Last Tuesday, the Senate passed nine bills including:

  • SB 41 by Judith Zaffirini (D-Laredo) exempting pro bono attorneys ad litem from rotation and reporting requirements;
  • SB 83 by Bob Hall (R-Canton) designating a portion of FM 1570 in Hunt County as the John L. Horn Memorial Parkway;
  • SB 401 by Kirk Watson (D-Austin) establishing the Joint Oversight Committee on Government Facilities to review deferred maintenance plans;
  • SB 467 by Judith Zaffirini (D-Laredo) requiring the State Commission on Judicial Conduct to report pending complaints (see Tort section for more information);
  • SB 476 by Kelly Hancock (R-North Richland Hills) allowing restaurant customers to bring their dog to the patio (see General Business section for more information);
  • SB 554 by Charles Schwertner (R-Georgetown) clarifying buy-back opportunities on land taken through eminent domain (see Property section for more information);
  • SB 743 by Bob Hall (R-Canton) establishing the Texas Olive Oil Industry Advisory Board (see Economic Development section for more information)
  • SB 748 by Lois Kolkhorst (R-Brenham) establishing the Newborn Screening Preservation Account to provide newborn screenings; and
  • SB 752 by Joan Huffman (R-Houston) granting immunity from liability from volunteer health care providers during a disaster (see Tort section for more information).

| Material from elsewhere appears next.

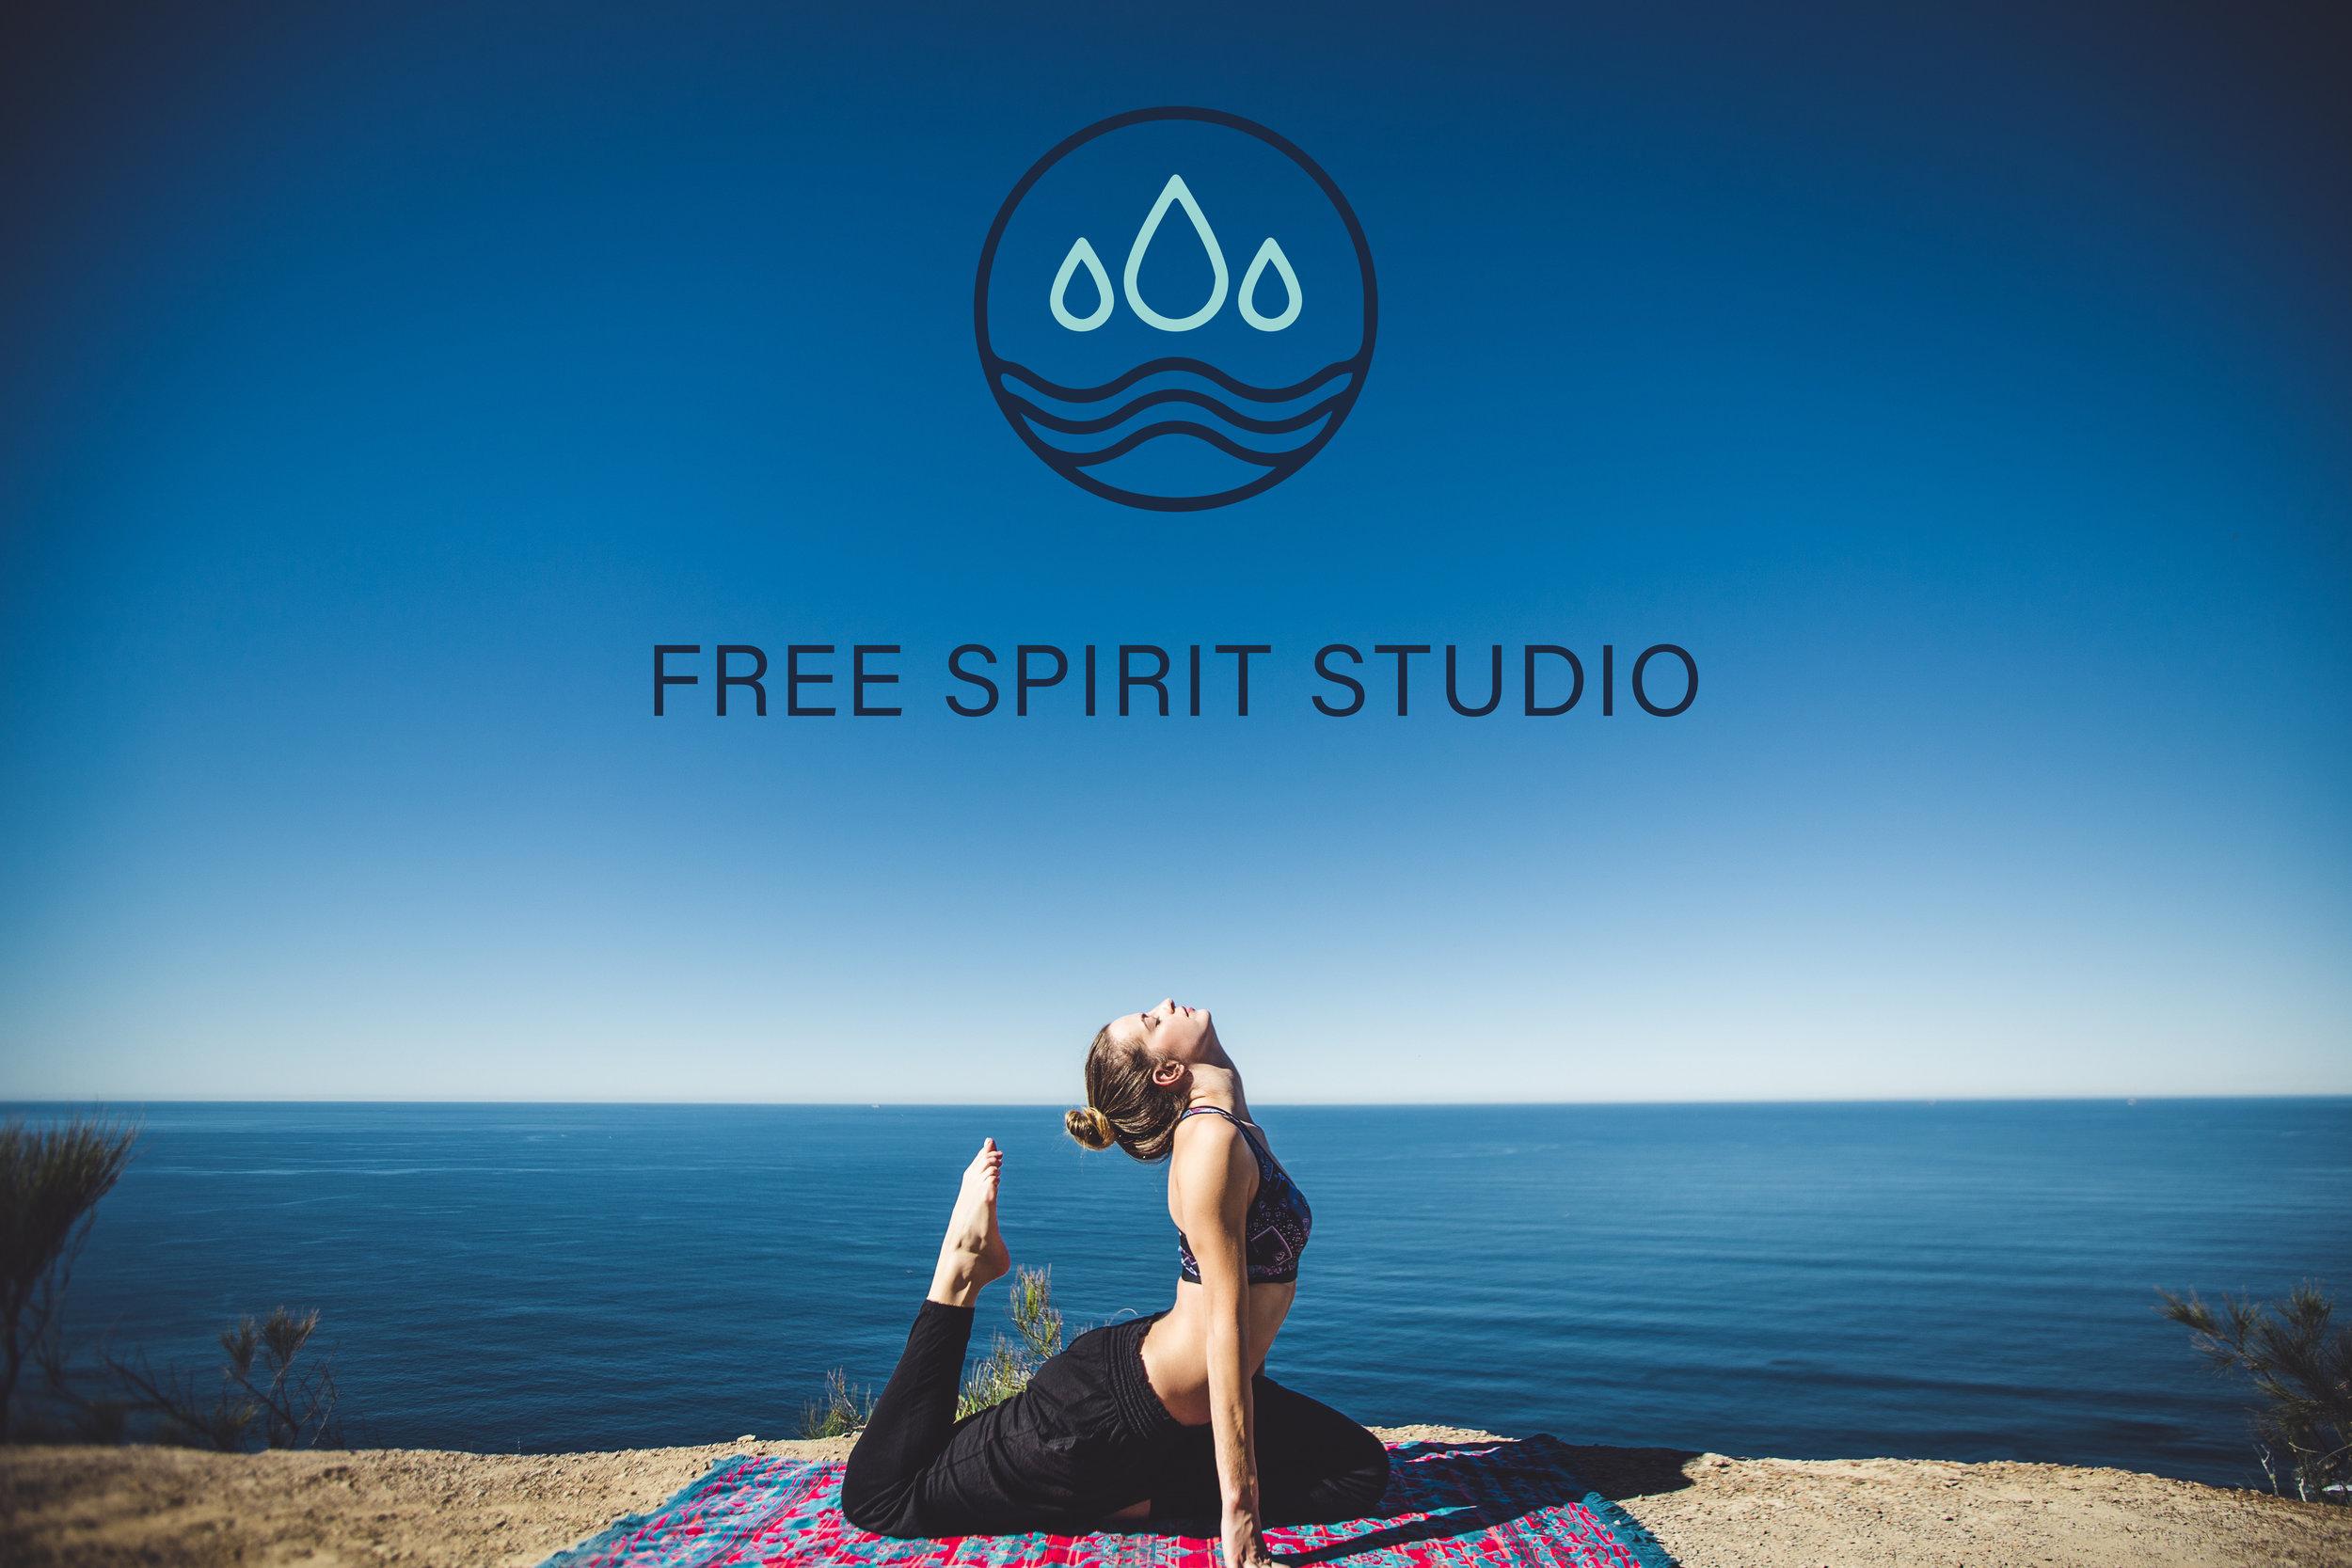 FreeSpiritStudio.png

Last Wednesday, the Senate passed ten bills including:

  • SB 6 by Lois Kolkhorst (R-Brenham) requiring the Department of Emergency Management to prepare a handbook of best practices in disaster response (see Statewide section for more information);
  • SB 7 by Brandon Creighton (R-Conroe) establishing the Texas Infrastructure Resiliency fund for flood mitigation projects (see Public Education section for more information);
  • SB 8 by Charles Perry (R-Lubbock) establishing a statewide flood response and mitigation plan (see Public Education section for more information);
  • SB 18 by Joan Huffman (R-Houston) establishing free speech policies for college campuses (see Higher Education section for more information)
  • SB 65 by Jane Nelson (R-Flower Mound) instituting procurement reforms (see Procurement section for more information);
  • SB 355 by Royce West (D-Dallas) developing a strategic plan to ensure Texas’ mental health prevention plan and early intervention services meet federal requirements;
  • SB 363 by Kirk Watson (D-Austin) prescribing circumstances for the Department of Public Safety to access data in the Prescription Monitoring Program;
  • SB 420 by Dawn Buckingham (R-Lakeway) removing the requirement for pharmacists to check the Prescription Monitoring Program for refills (see Health section for more information);
  • SB 563 by Charles Perry (R-Lubbock) requiring quarterly reports on federal money for flood mitigation projects (see Environment section for more information);
  • SB 607 by Kirk Watson (D-Austin) is the sunset bill for the Veterans’ Land Board.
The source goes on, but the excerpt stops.